Sent v4 considering the comments.
Some answers below. 
>Вторник, 3 ноября 2020, 0:38 +03:00 от Vladislav Shpilevoy <v.shpilevoy at tarantool.org>:
> 
>Hi! Thanks for the patch!
>
>Almost finished!
>
>See 5 comments below.
>
>> diff --git a/src/lib/core/random.c b/src/lib/core/random.c
>> index f4fa75b1c..cfca2b7a9 100644
>> --- a/src/lib/core/random.c
>> +++ b/src/lib/core/random.c
>> @@ -97,3 +102,85 @@ rand:
>> while (generated < size)
>> buf[generated++] = rand();
>> }
>> +
>> +uint64_t
>> +real_random(void)
>> +{
>> + uint64_t result;
>> + random_bytes((char *)(&result), sizeof(result));
>
>1. Why do you need () around &result?
Right, no need here, changed in v4.
>
>> + return result;
>> +}
>> +
>> +uint64_t *
>> +xoshiro_state(void)
>> +{
>> + return state;
>> +}
>> +
>> +size_t
>> +xoshiro_state_size(void)
>> +{
>> + return sizeof(state) / sizeof(state[0]);
>> +}
>
>2. Or instead of these two functions it could be simpler
>to implement xoshiro_state_str(), which would return
>its 4 uint64 numbers as tt_sprintf(). Anyway we need to
>print the state in a human readable format.

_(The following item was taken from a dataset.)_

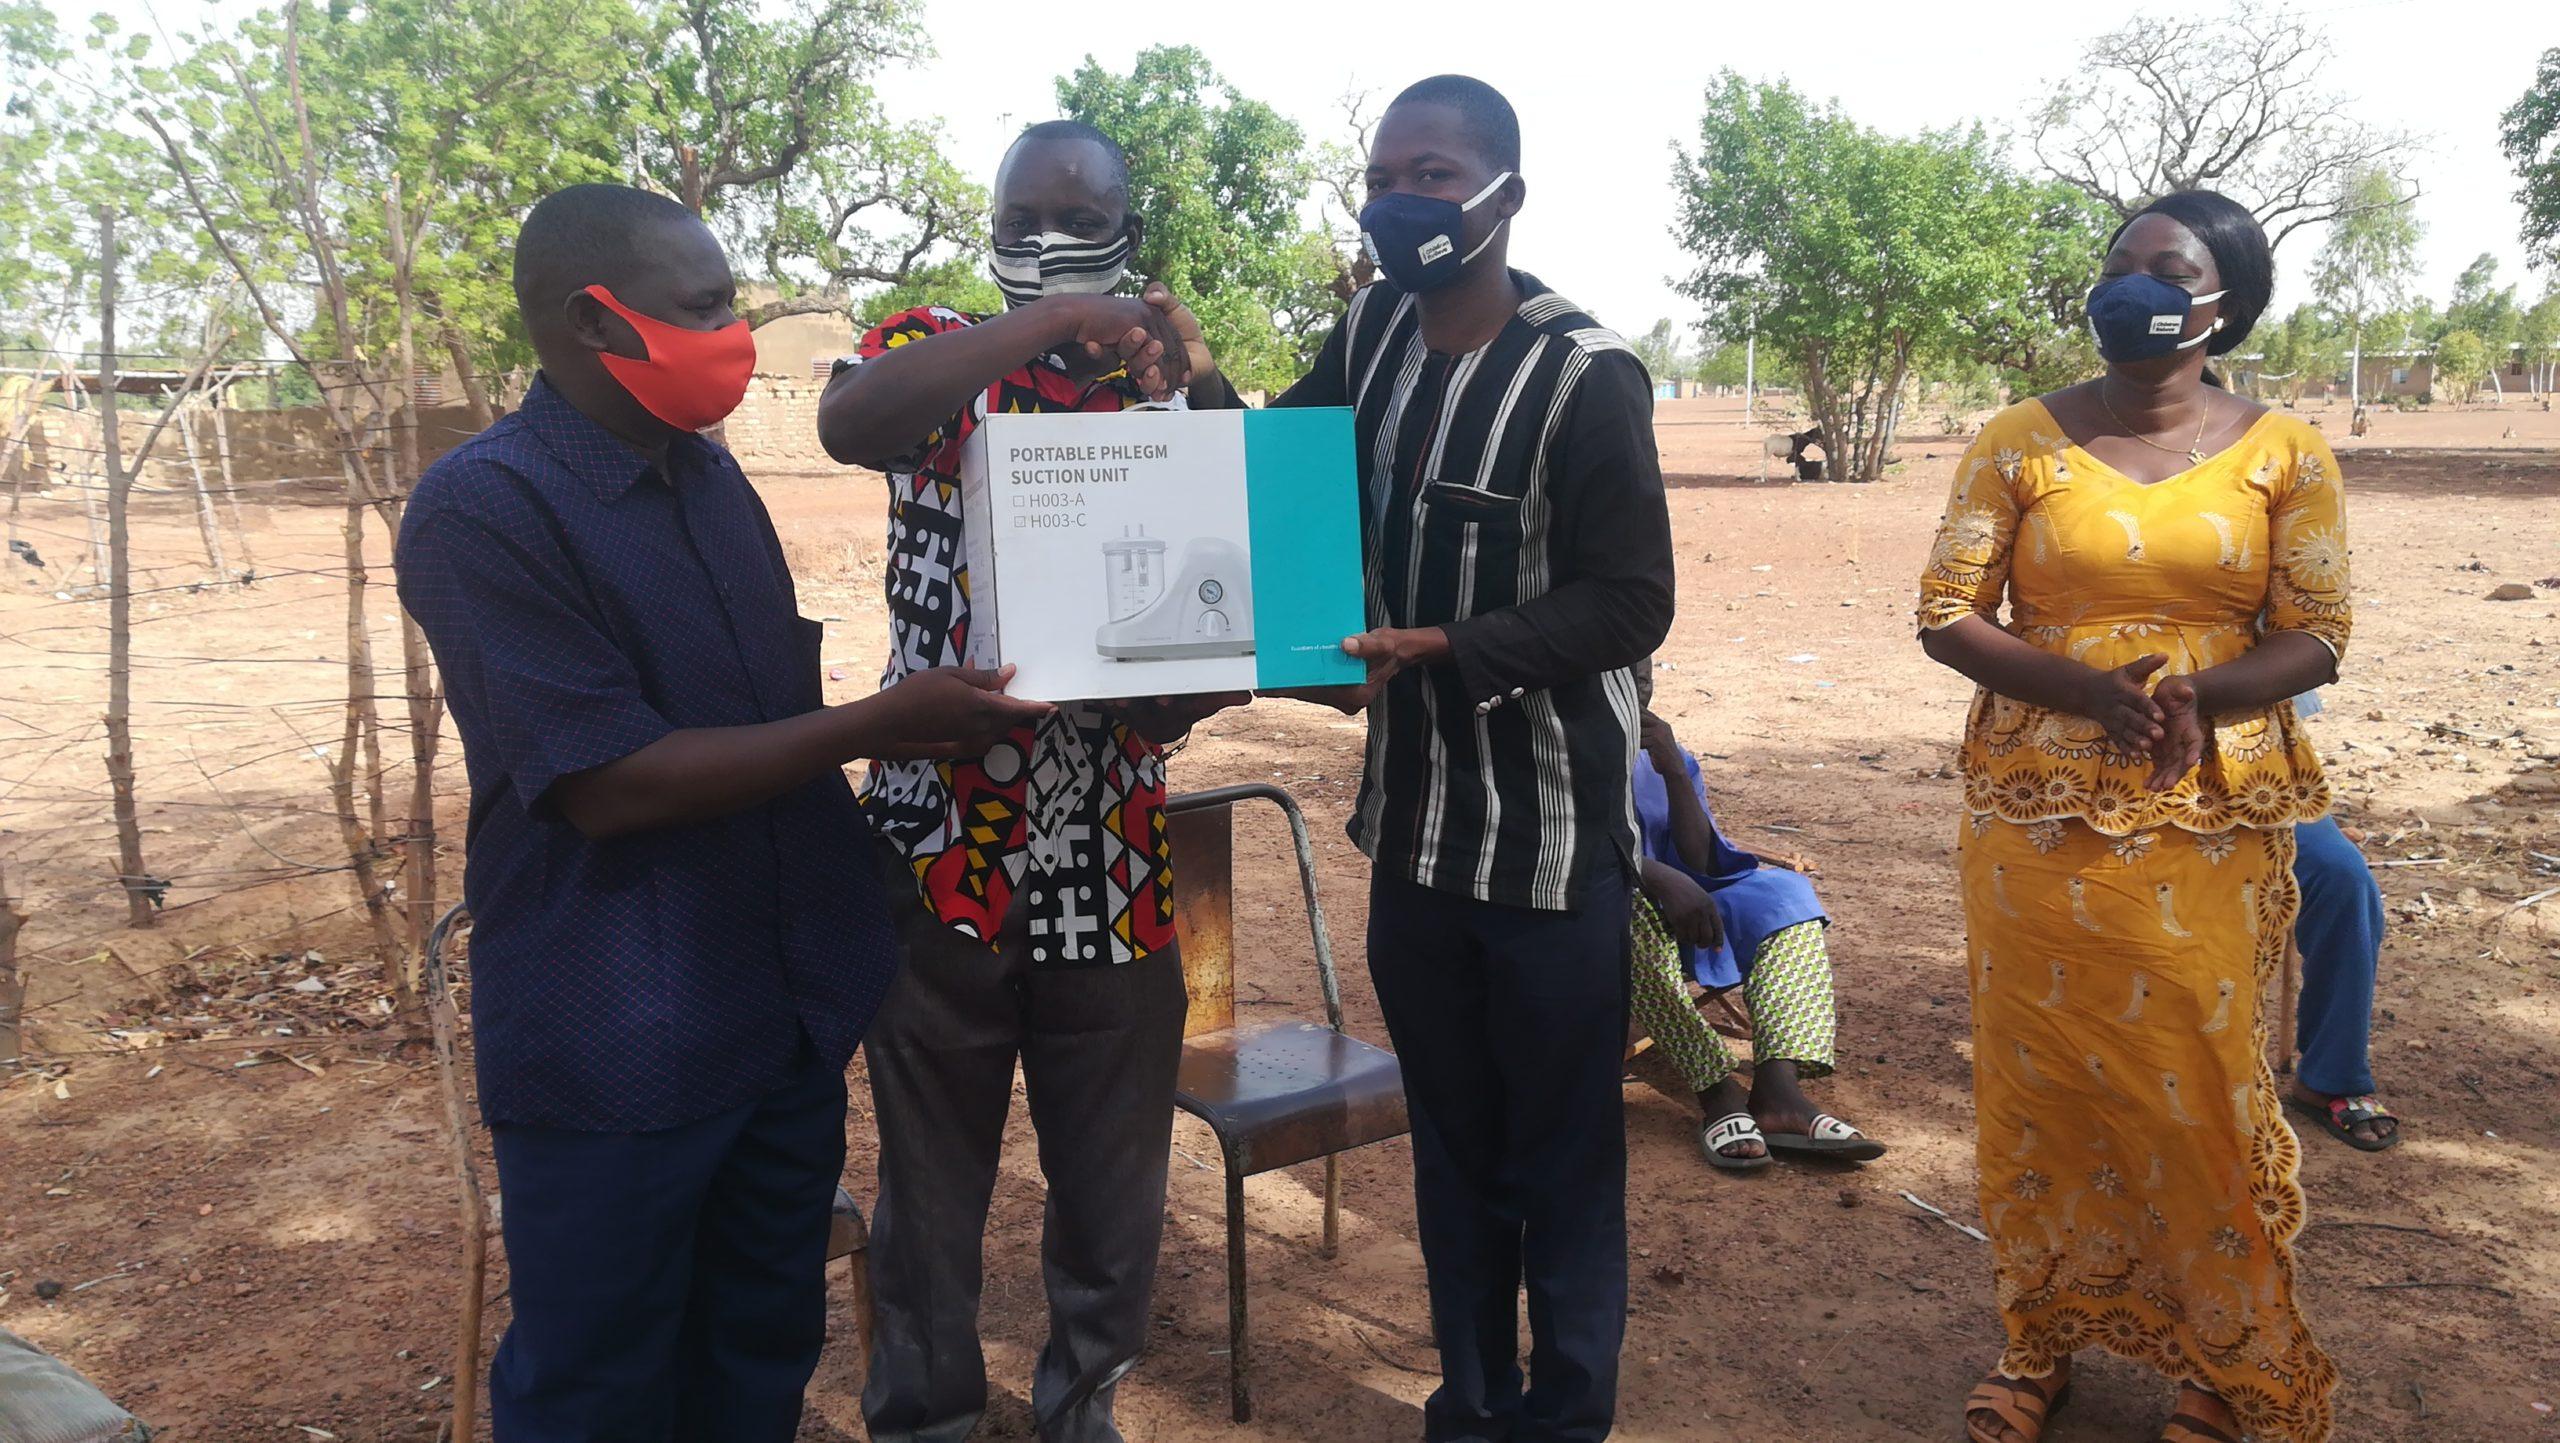 Decazeville. Aventure familiale et projet humanitaire au Burkina Faso

Ok, right, i wanted to make it more multi-purpose, but actually
looks like no one need internal xoshiro state out there. So the
string will be enough for cases where it is needed to be printed.
Changed in v4.
>
>> +
>> +int64_t
>> +real_random_in_range(int64_t min, int64_t max)
>> +{
>> + assert(max >= min);
>> + uint64_t range = (uint64_t)max - min;
>
>3. This is UB, if max is negative.
Signed to unsigned int cast is not UB.
Here is the quote from C99 standard (same in C11):
6.3.1.3 Signed and unsigned integers
1 When a value with integer type is converted to another
integer type other than _Bool, if the value can be represented
by the new type, it is unchanged.
2 Otherwise, if the new type is unsigned, the value is converted
by repeatedly adding or subtracting one more than the maximum value
that can be represented in the new type until the value is in the range
of the new type.
3 Otherwise, the new type is signed and the value cannot be
represented in it; either the result is implementation-defined or
an implementation-defined signal is raised.
>
>> + uint64_t mask = UINT64_MAX >> bit_clz_u64(range | 1);
>> + uint64_t result;
>> + do {
>> + result = real_random() & mask;
>> + } while (result > range);
>> + return min + result;
>> +}
>> +
>> +int64_t
>> +pseudo_random_in_range(int64_t min, int64_t max)
>> +{
>> + assert(max >= min);
>> + uint64_t range = (uint64_t)max - min;
>> + uint64_t mask = UINT64_MAX >> bit_clz_u64(range | 1);
>> + uint64_t result;
>> + do {
>> + result = xoshiro_random() & mask;
>> + } while (result > range);
>> + return min + result;
>> +}
>> diff --git a/test/unit/random.c b/test/unit/random.c
>> new file mode 100644
>> index 000000000..3d7416988
>> --- /dev/null
>> +++ b/test/unit/random.c
>> @@ -0,0 +1,48 @@
>> +#include <core/random.h>
>> +
>> +#include <stdio.h>
>> +#include <assert.h>
>> +
>> +#include "unit.h"
>> +
>> +static void
>> +test_xoshiro_random_in_range_one(int64_t min, int64_t max)
>> +{
>> + int64_t result = pseudo_random_in_range(min, max);
>> + assert(min <= result && result <= max);
>> + if (min == max)
>> + printf("pseudo_random_in_range(%lld, %lld) = %lld\n",
>> + (long long)min, (long long)max, (long long)result);
>> +}
>
>4. Why no tests for real random?
My bad, added in v4.
>
>> diff --git a/test/unit/swim_test_utils.c b/test/unit/swim_test_utils.c
>> index 9dbd28a9f..590ce97a1 100644
>> --- a/test/unit/swim_test_utils.c
>> +++ b/test/unit/swim_test_utils.c
>> @@ -875,7 +875,15 @@ swim_run_test(const char *log_file, fiber_func test)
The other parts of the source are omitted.